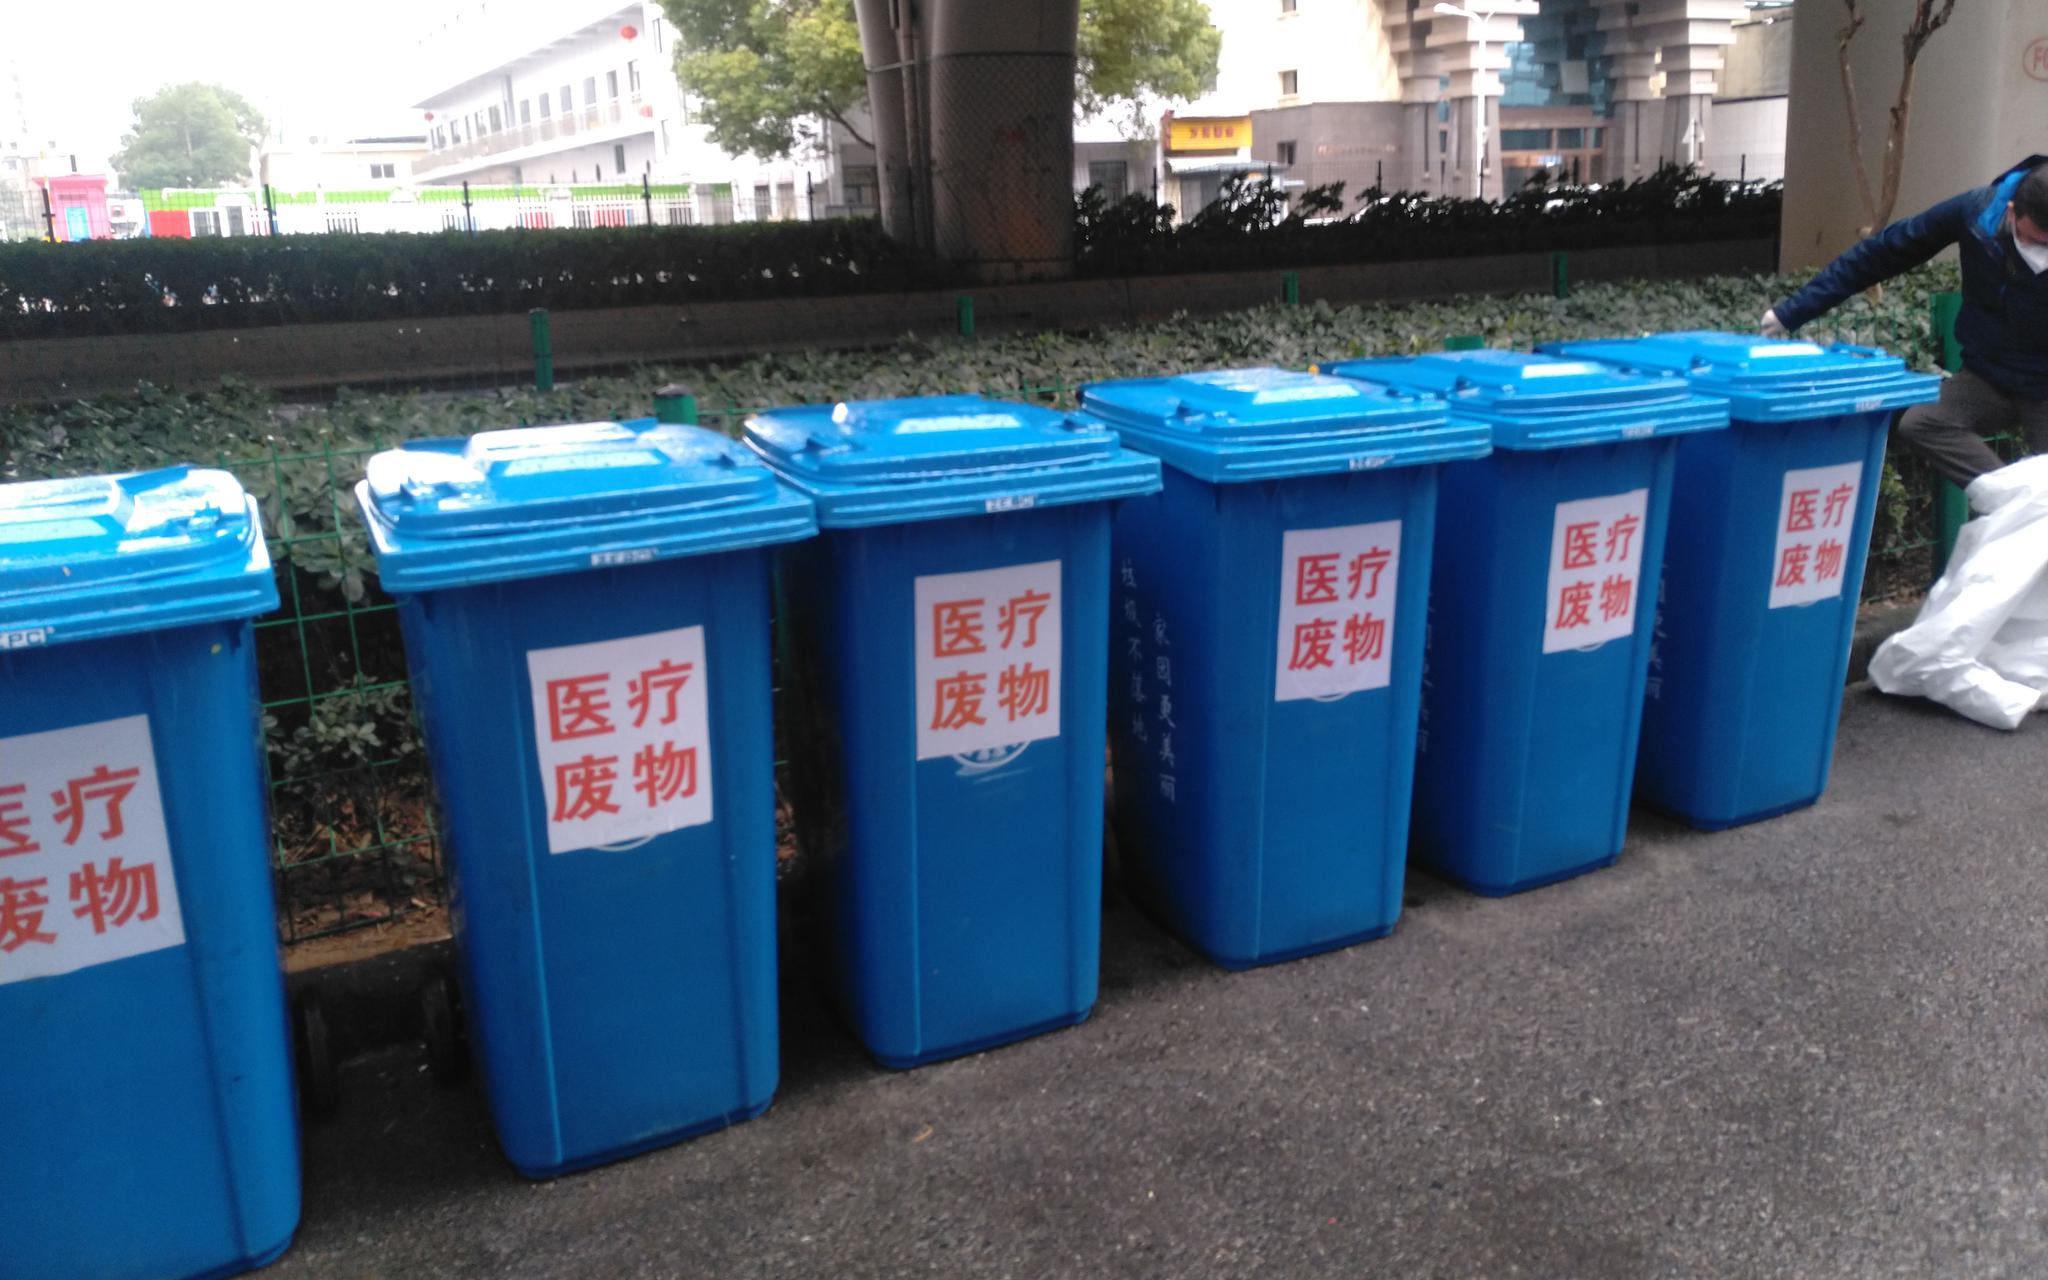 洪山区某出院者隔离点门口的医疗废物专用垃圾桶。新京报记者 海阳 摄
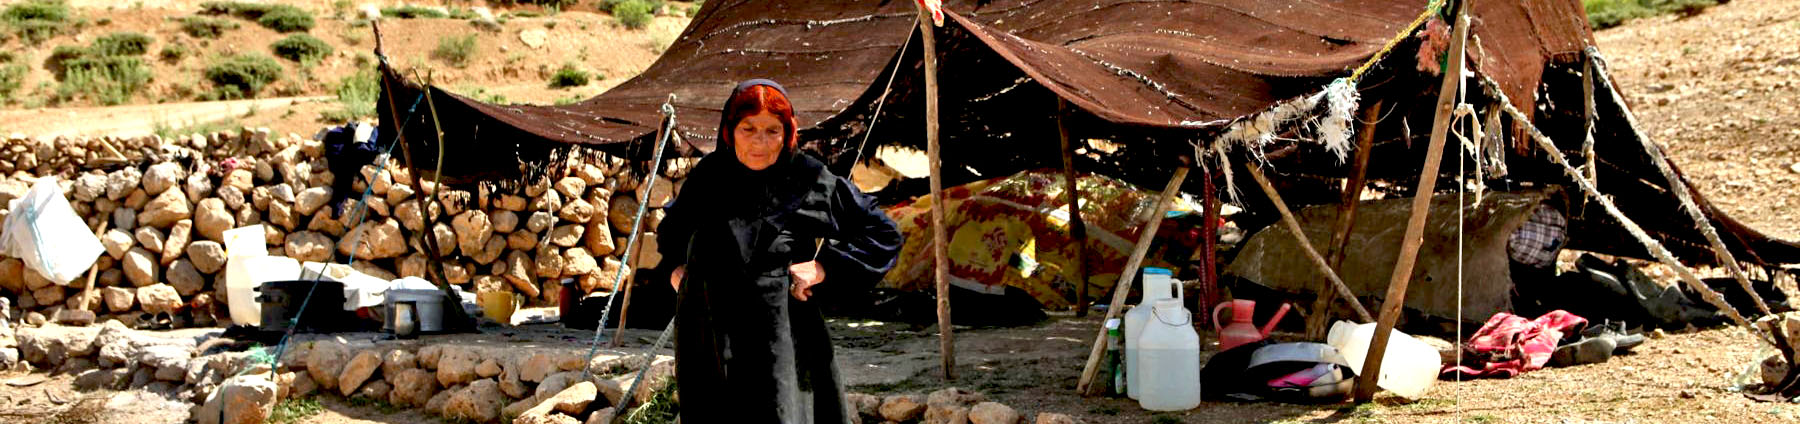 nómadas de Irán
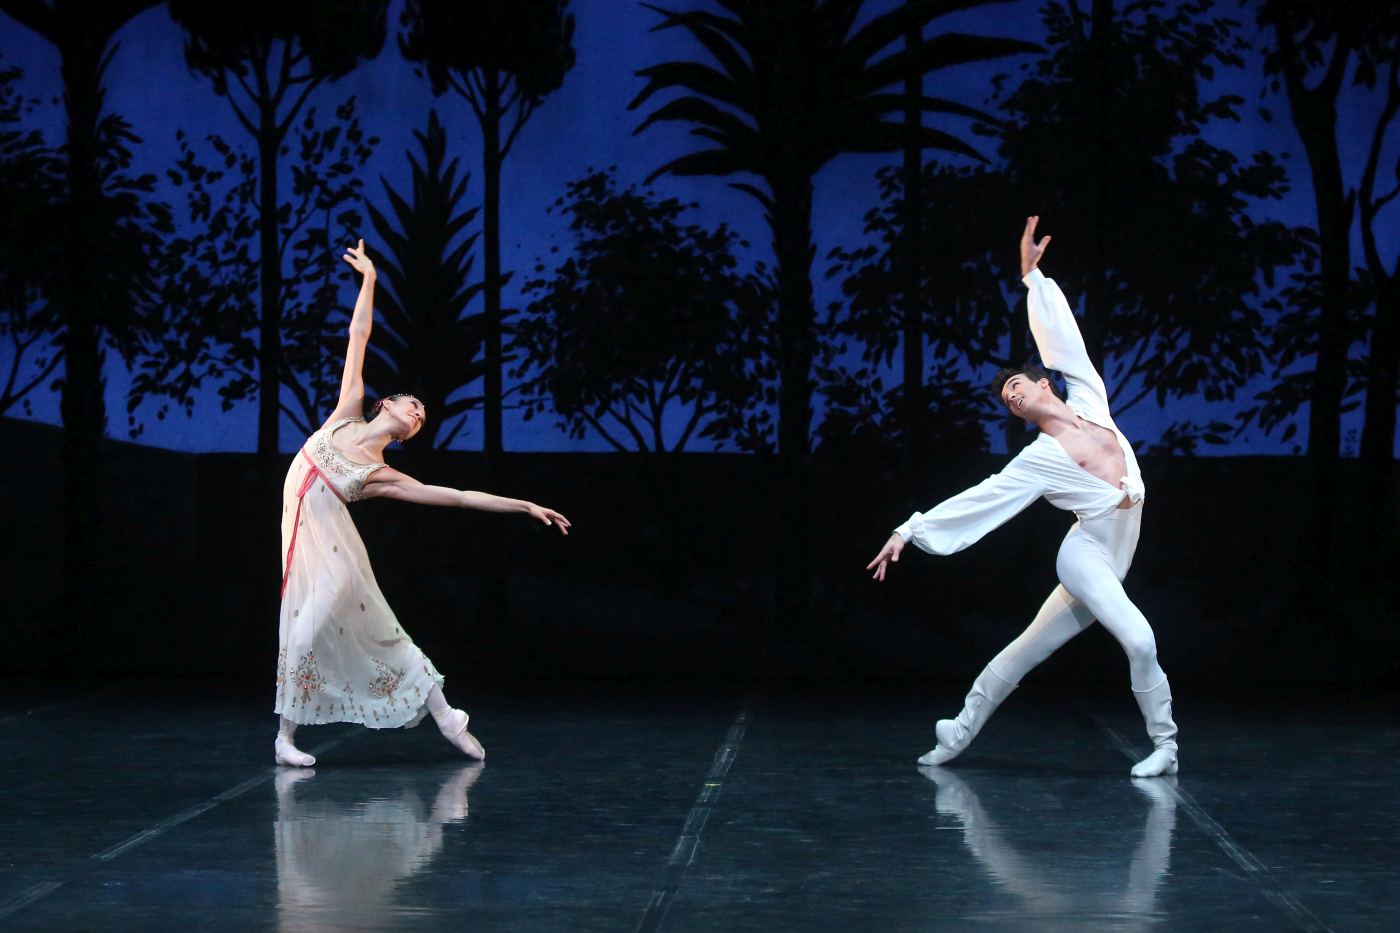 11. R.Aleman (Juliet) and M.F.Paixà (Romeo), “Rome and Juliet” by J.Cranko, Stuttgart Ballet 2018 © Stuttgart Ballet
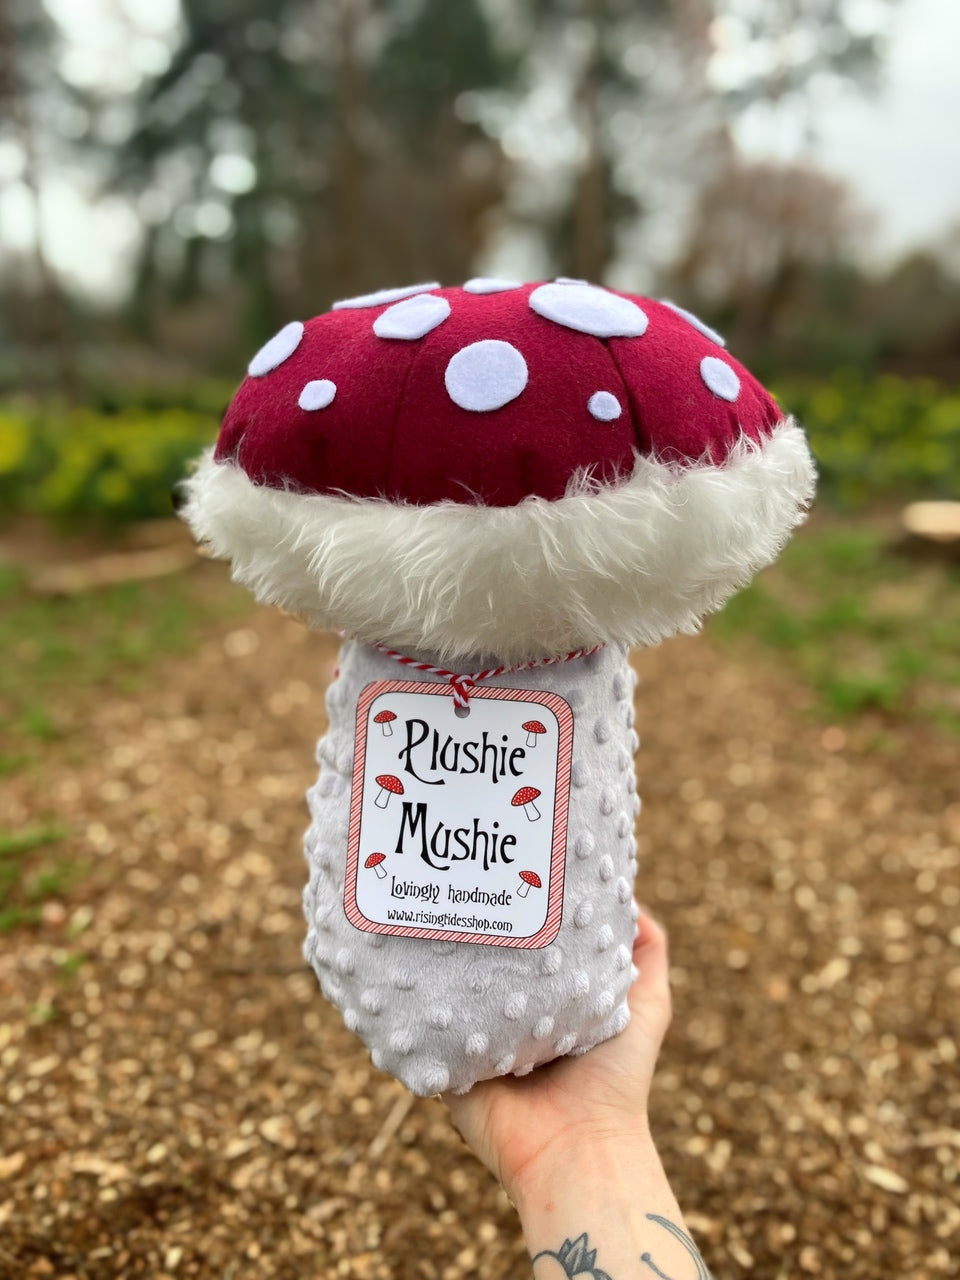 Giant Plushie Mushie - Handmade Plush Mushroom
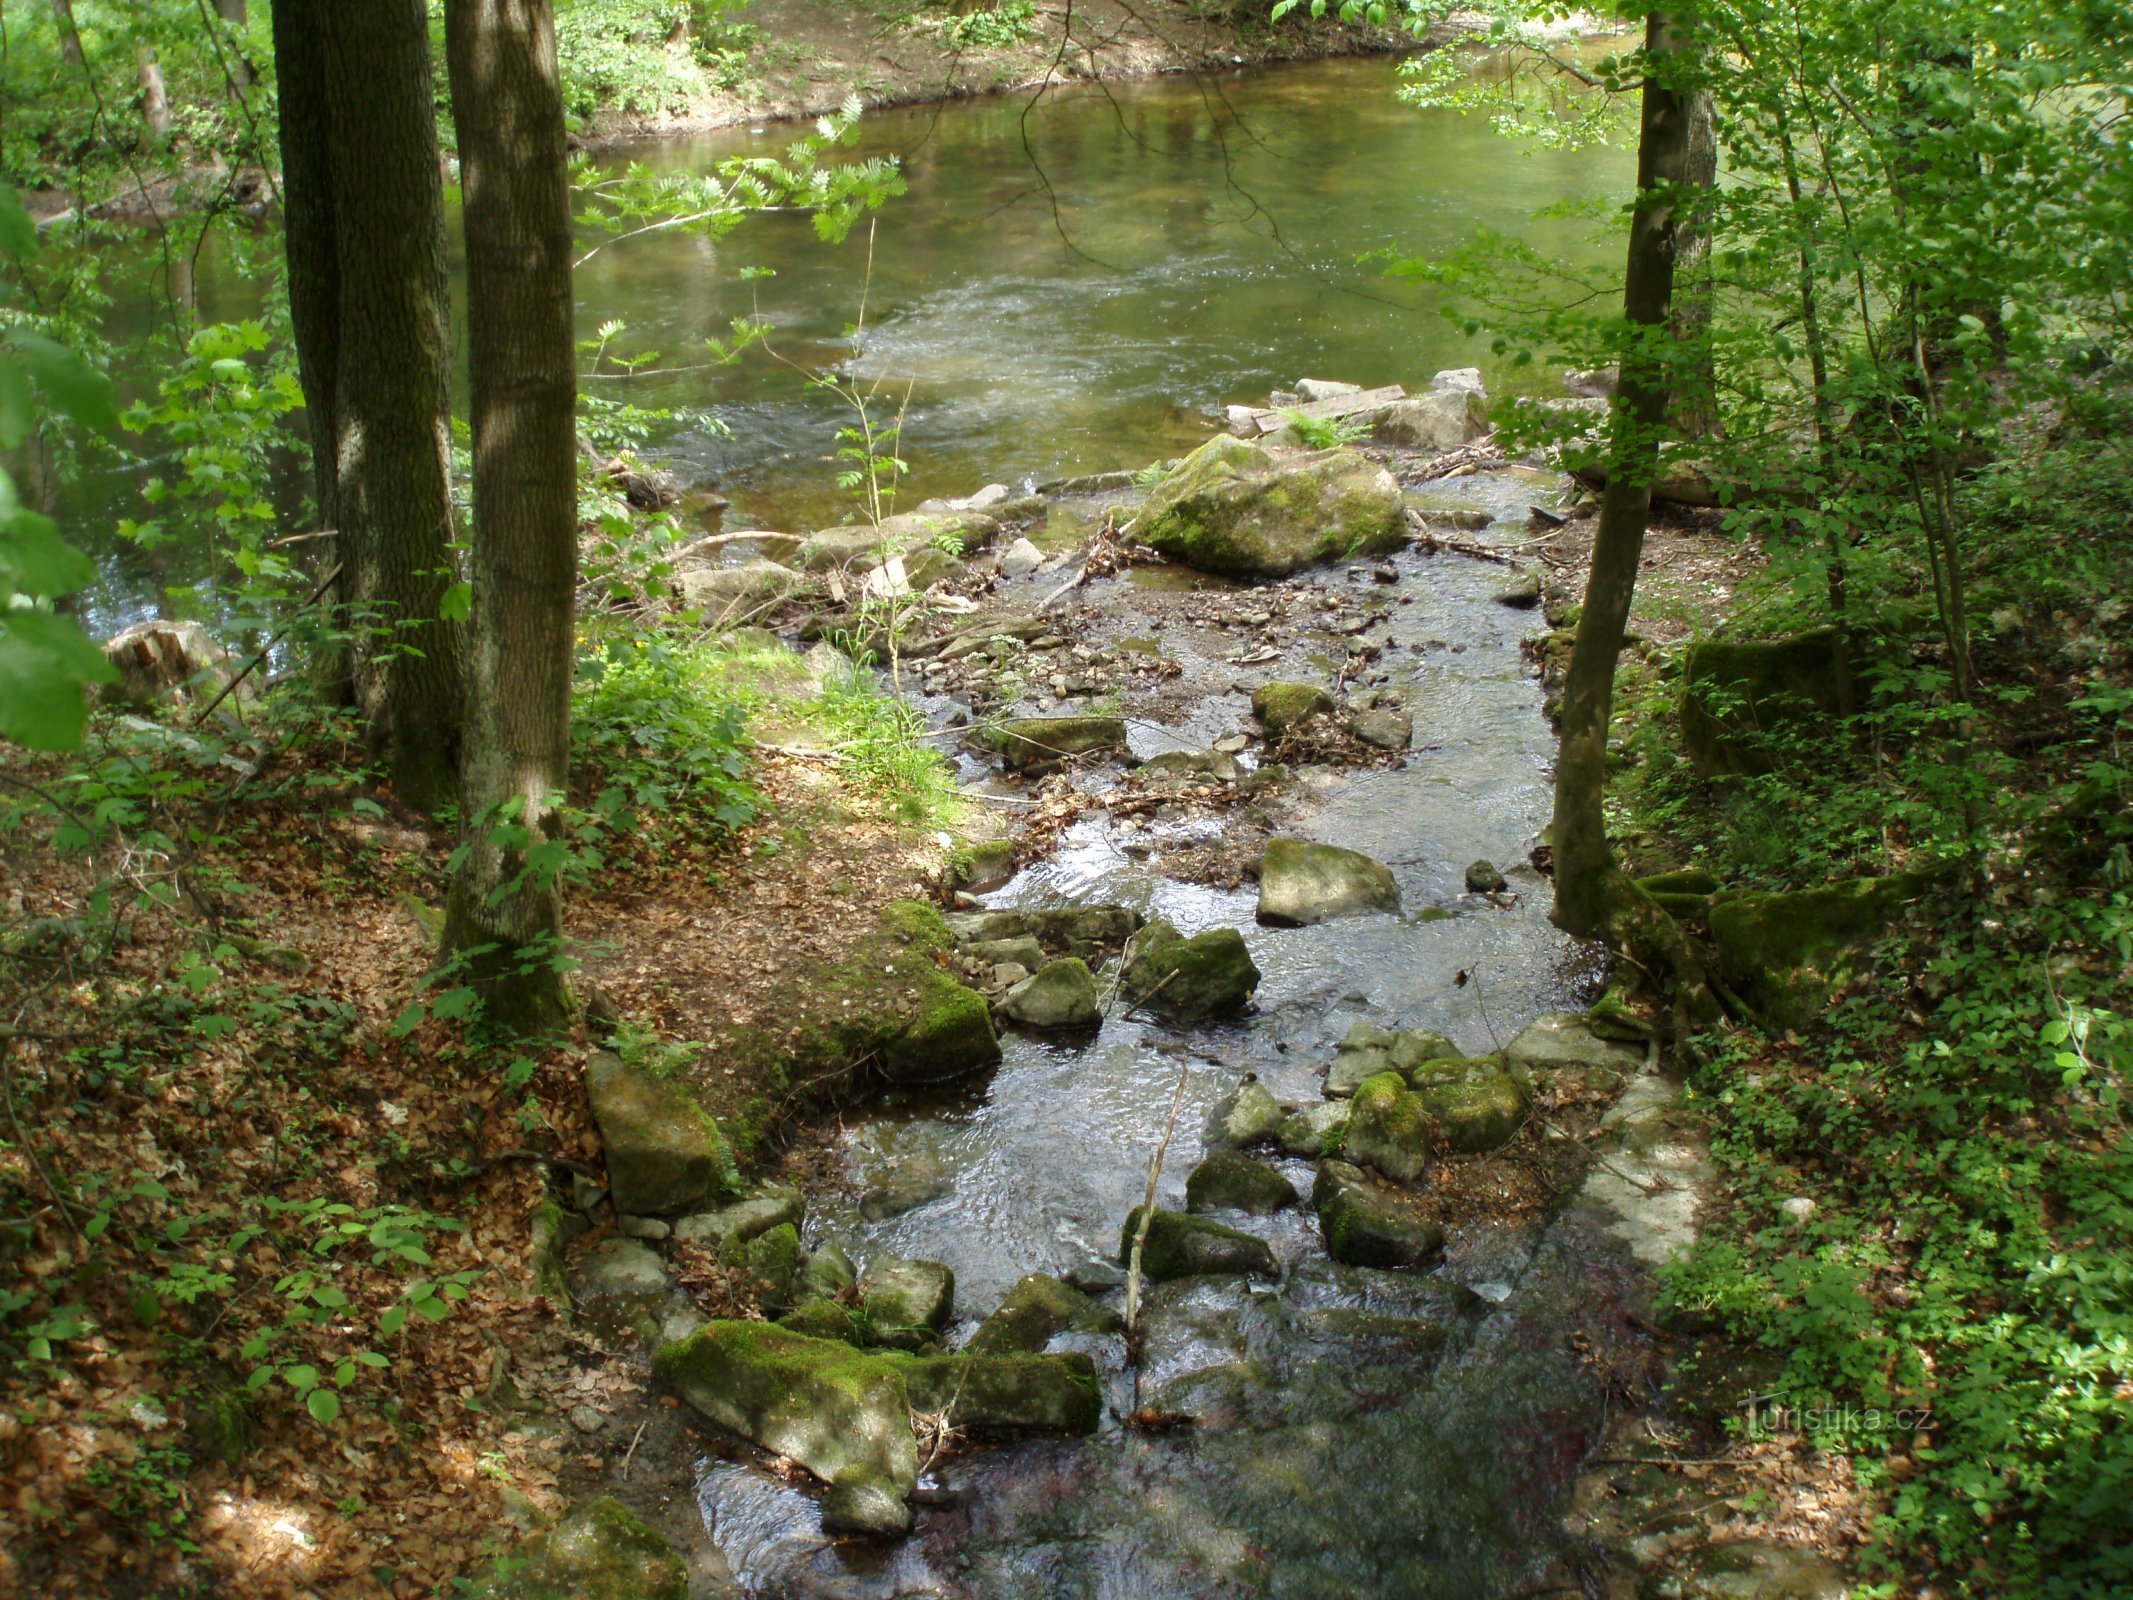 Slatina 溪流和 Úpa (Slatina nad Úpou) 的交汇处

Work instruction
Transcribe every entry word for word, but skip the pictures.

Solution for this exercise
 洪山区某出院者隔离点门口的医疗废物专用垃圾桶。新京报记者 海阳 摄
 nómadas de Irán
 11. R.Aleman (Juliet) and M.F.Paixà (Romeo), “Rome and Juliet” by J.Cranko, Stuttgart Ballet 2018 © Stuttgart Ballet
 Giant Plushie Mushie - Handmade Plush Mushroom
 Slatina 溪流和 Úpa (Slatina nad Úpou) 的交汇处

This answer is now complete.